Stocks dip deeper into bear market ahead of big Fed news
NEW YORK – Most stocks on Wall Street dipped Tuesday in their first trading after tumbling into a bear market on worries that high inflation will push central banks to clamp the brakes too hard on the economy.
The S&P 500 fell 14.15, or 0.4%, to 3,735.48 as investors braced for the Federal Reserve’s announcement on Wednesday about how sharply it will raise interest rates. It wobbled between losses and gains through the day after a couple big companies flexed financial strength with stronger profits and payouts to shareholders.
The Dow Jones Industrial Average fell 151.91 points, or 0.5%, to 30,364.83. The Nasdaq composite rose 19.12, or 0.2%, to 10,828.35 after swinging between a a loss of 0.7% and a gain of 1.1%.
Despite the swings, trading across markets was still calmer than during Monday’s worldwide rout, which sent the S&P 500 down 3.9%. Stocks fell more than 1% in Tokyo and Paris but rose that much in Shanghai. A measure of nervousness among investors on Wall Street eased, even as Treasury yields again pierced their highest levels in more than a decade.

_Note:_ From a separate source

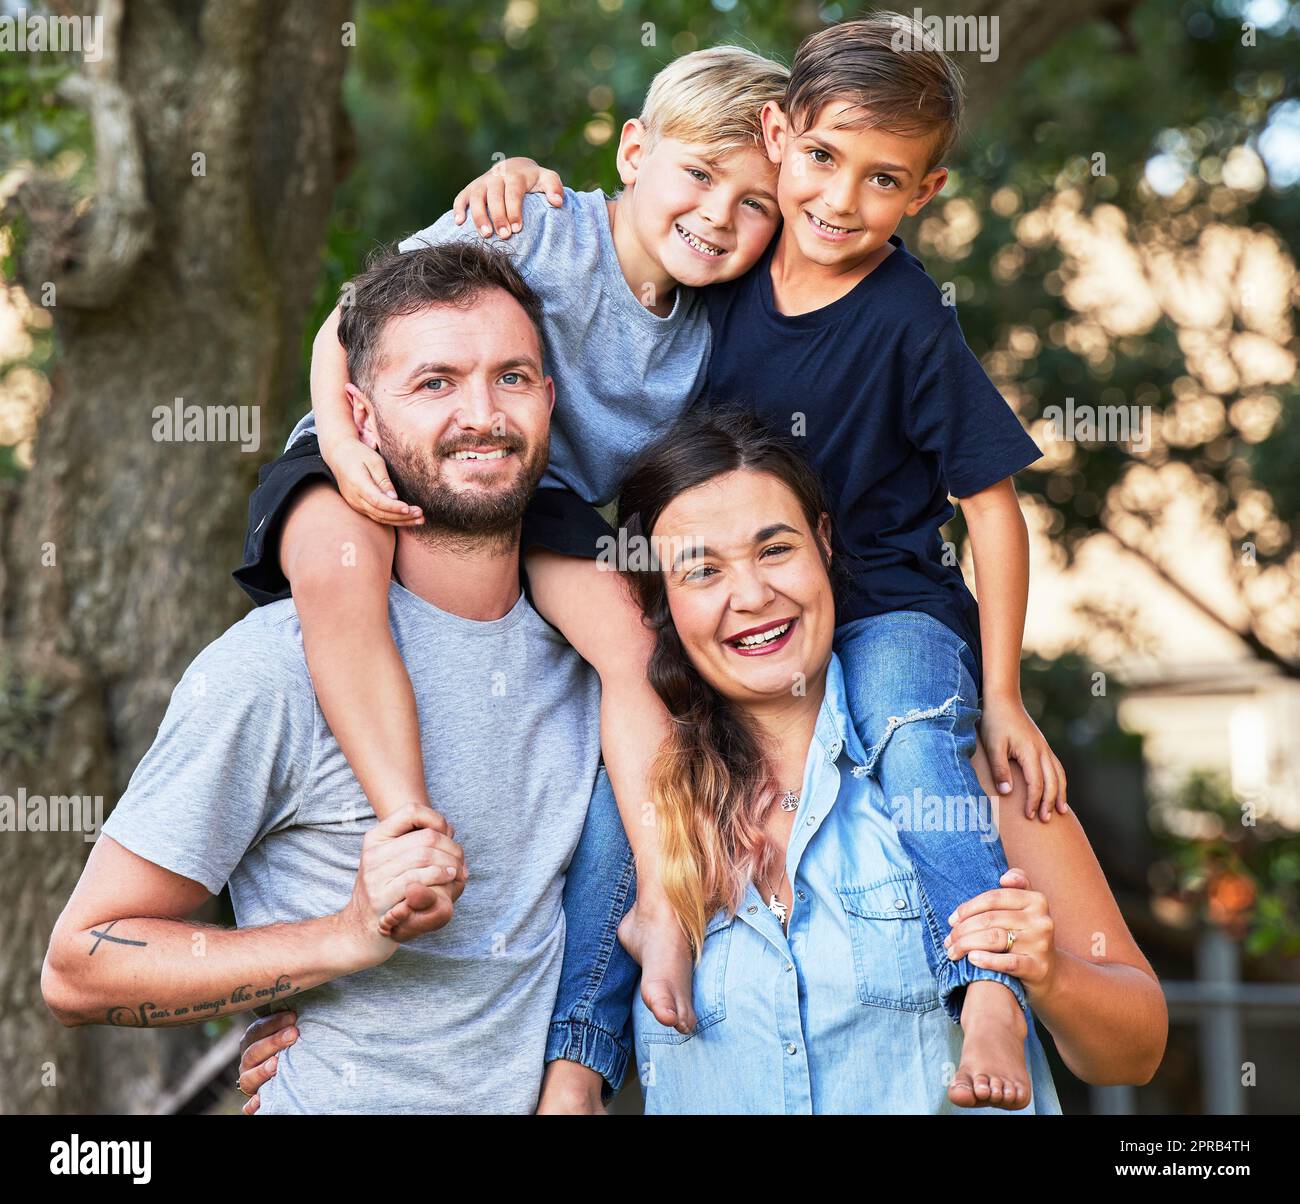 Kind, das mit Sicherheit lebt, lernt, Glauben zu haben. Porträt einer schönen Familie mit ihren Söhnen auf den Schultern in einem Park. Stockfoto

Cryptocurrency prices continued to swing. They’ve been among the hardest-hit in this year’s sell-off for markets as the Federal Reserve and other central banks raise interest rates to rein in inflation and forcefully turn off the “easy mode” that helped prop up markets for years. Bitcoin was down nearly 5% in afternoon trading and sitting at $22,201, according to CoinDesk. It earlier fell to nearly 70% below its record of $68,990.90 set late last year.
Offering some support to the market was a report that showed inflation at the wholesale level was a touch lower in May than expected, though it remains very high.
It was the first trading for U.S. stocks after the S&P 500 closed Monday at 21.8% below its record set early this year. That put it in a bear market, which is what investors call a drop of 20% or more.
At the center of the sell-off is the Federal Reserve’s effort to control inflation by raising interest rates. The Fed is scrambling to get prices under control and its main method is to raise rates, but that is a blunt tool that could slow the economy too much and cause a recession.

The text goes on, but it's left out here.